|Title:||On the Wordhood of Complex Predicates in Japanese||Add Dissertation|
|Author:||Yo Matsumoto||Update Dissertation|
|Email:||click here to access email|
|Institution:||Stanford University, Department of Linguistics|
|Abstract:||This dissertation is about the nature of the notion 'word' as it relates to Japanese complex predicates. The main theme of the work is that the notion 'word' must be relativized to at least three different senses: morphological, grammatical, and semantic (cf. Bresnan & Mchombo 1995). A 'word' is an atomic unit in grammar (Di Sciullo & Williams 1987), but this atomicity can be approached in various ways. The notion 'word' can be defined in terms of its morphological integrity: the word is a unit whose parts cannot be separated from each other. It can also be defined in terms of grammatical-functional properties: in the case of a verb, for example, the 'word' is the unit that governs the verb's grammatical functions such as subject and object, and it is also the unit to which so-called grammatical function-changing operations apply, such as passivization. Finally, the word can be defined semantically, as a unit of meaning; it is a unit that conveniently packages meanings into integrated bundles.

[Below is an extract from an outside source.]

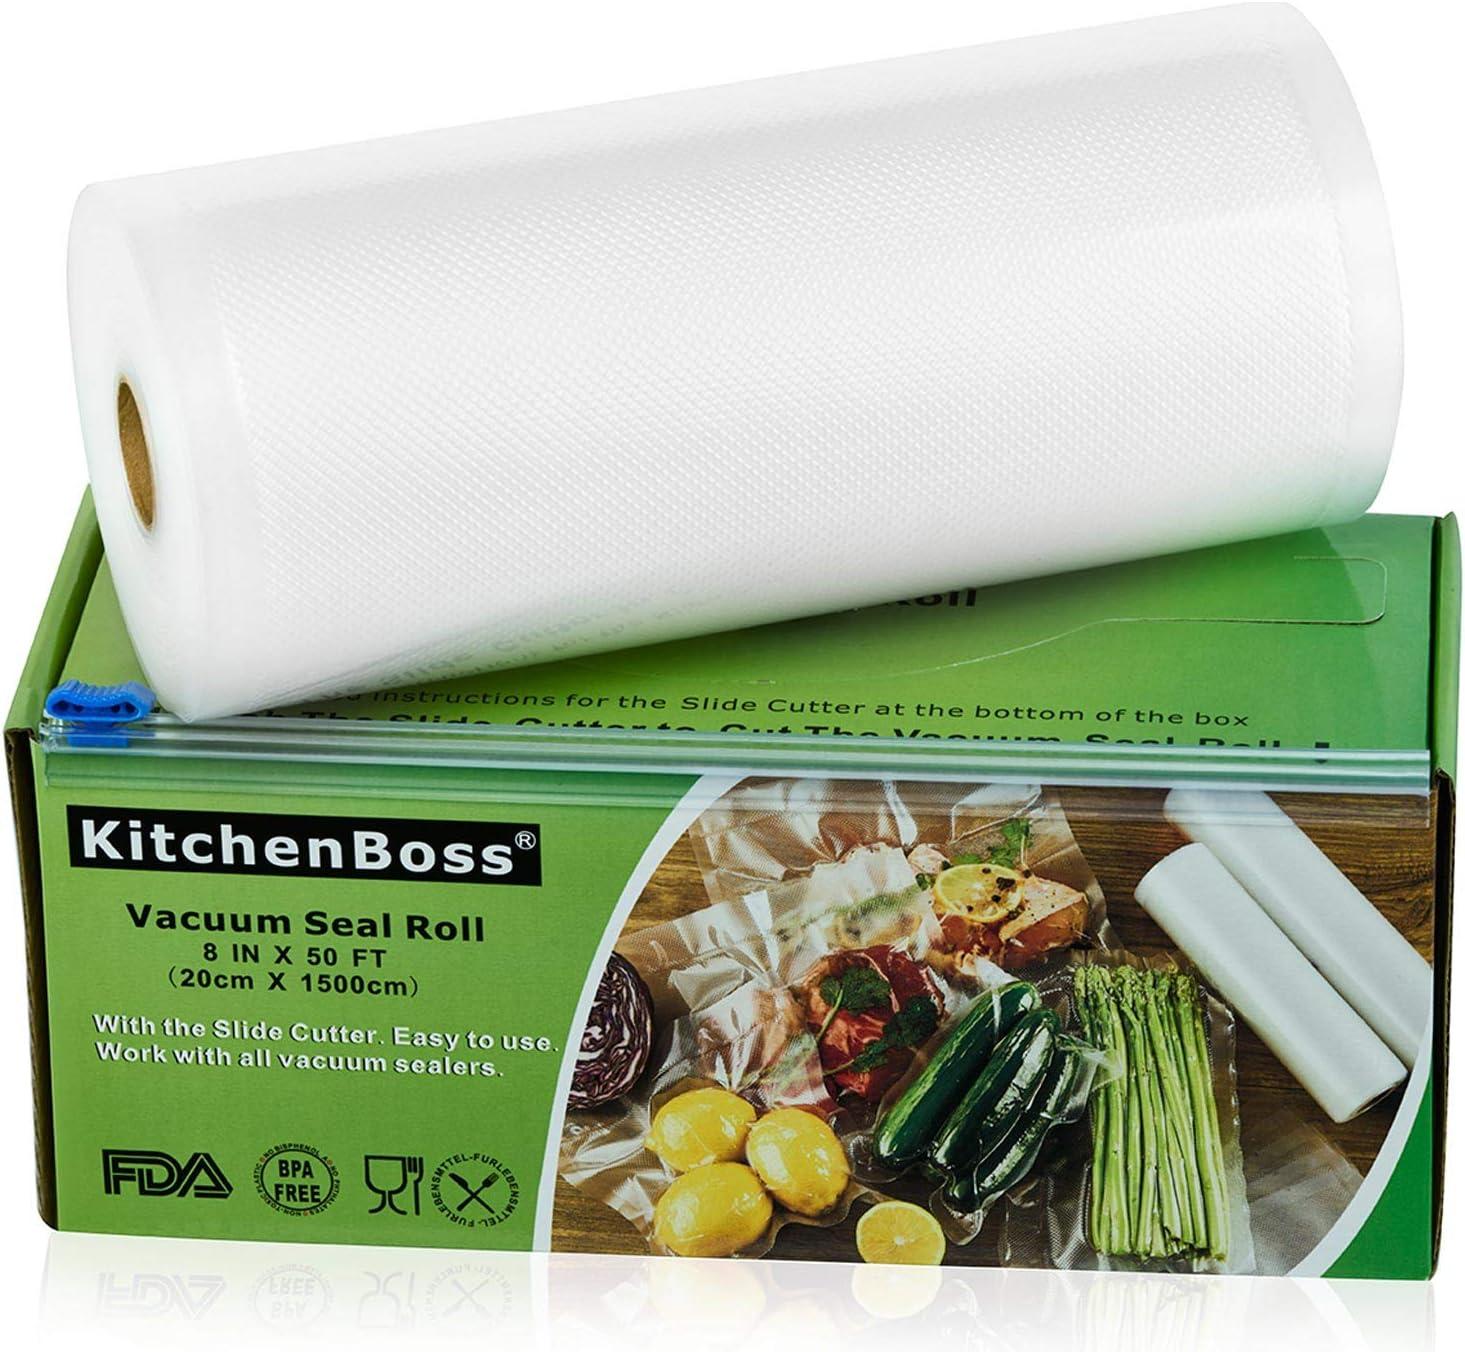 KitchenBoss Bolsas de Vacío 1 Rolls 20x1500cm con Caja de Corte (No Más Tijeras) para Almacenaje de Alimentos,Sous Vide Cocina, BPA Free
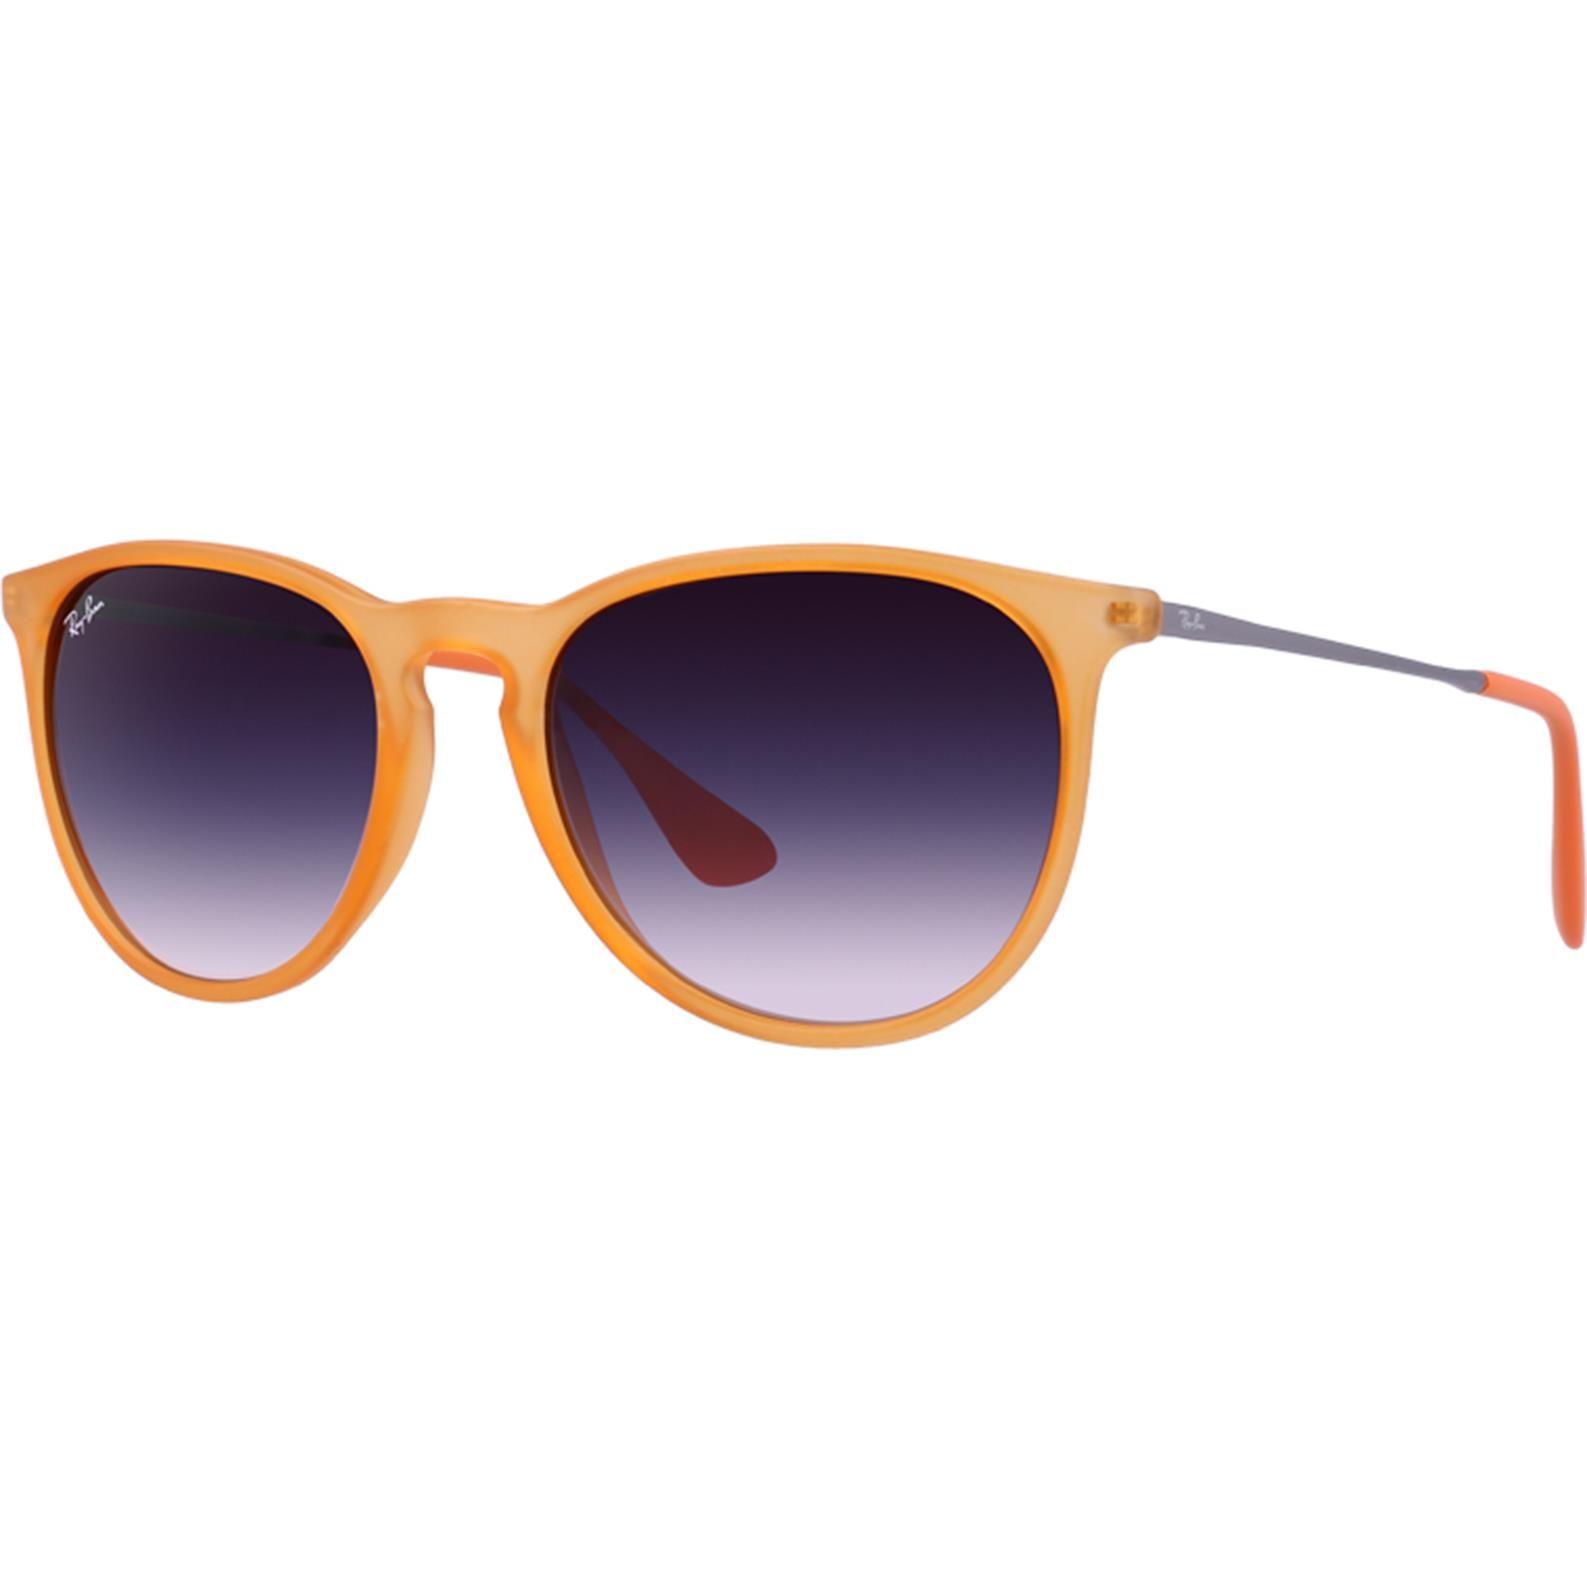 Rb 4171 54 602636 Ray Bans Sunglasses Glasses

The task of this work is to explore the notion 'word' with regard to a variety of so-called complex predicates in Japanese, to determine in what sense they are one word and in what sense they are not. I propose various tests to identify wordhood in different senses and then apply these tests to advance an analysis of complex predicates in Japanese. The predicates and constructions that are discussed in this light include the mora(w)(-u) and hoshi(-i) constructions, light verb constructions, desiderative predicates, causative predicates, aspectual and other compound verbs, lexical compound verbs, and purposive and participial complex motion predicates. Alternative proposals on such complex predicates and constructions, involving argument transfer (Grimshaw & Mester 1988), incorporation (Baker 1988), restructuring (Miyagawa 1987), and Predicate raising (e.g., Kuno 1973, Shibatani 1978), are also thoroughly reviewed and discussed.
The results of these tests turn out to be consistent, supporting the distinction of three different senses of wordhood. It is shown that this observation can be insightfully captured in the theory of Lexical-Functional Grammar (Bresnan 1982, Bresnan & Kanerva 1989), in which these different senses of word atomicity can be equated to a definition of the word at the three syntactic levels of representation currently conceived in this theory: constituent, functional, and argument structure. In addition, concrete proposals are also made regarding constraints on semantic wordhood (an issue rarely discussed in the literature), drawing on insights from cognitive and conceptual semantics (e.g., Talmy 1985, Jackendoff 1990).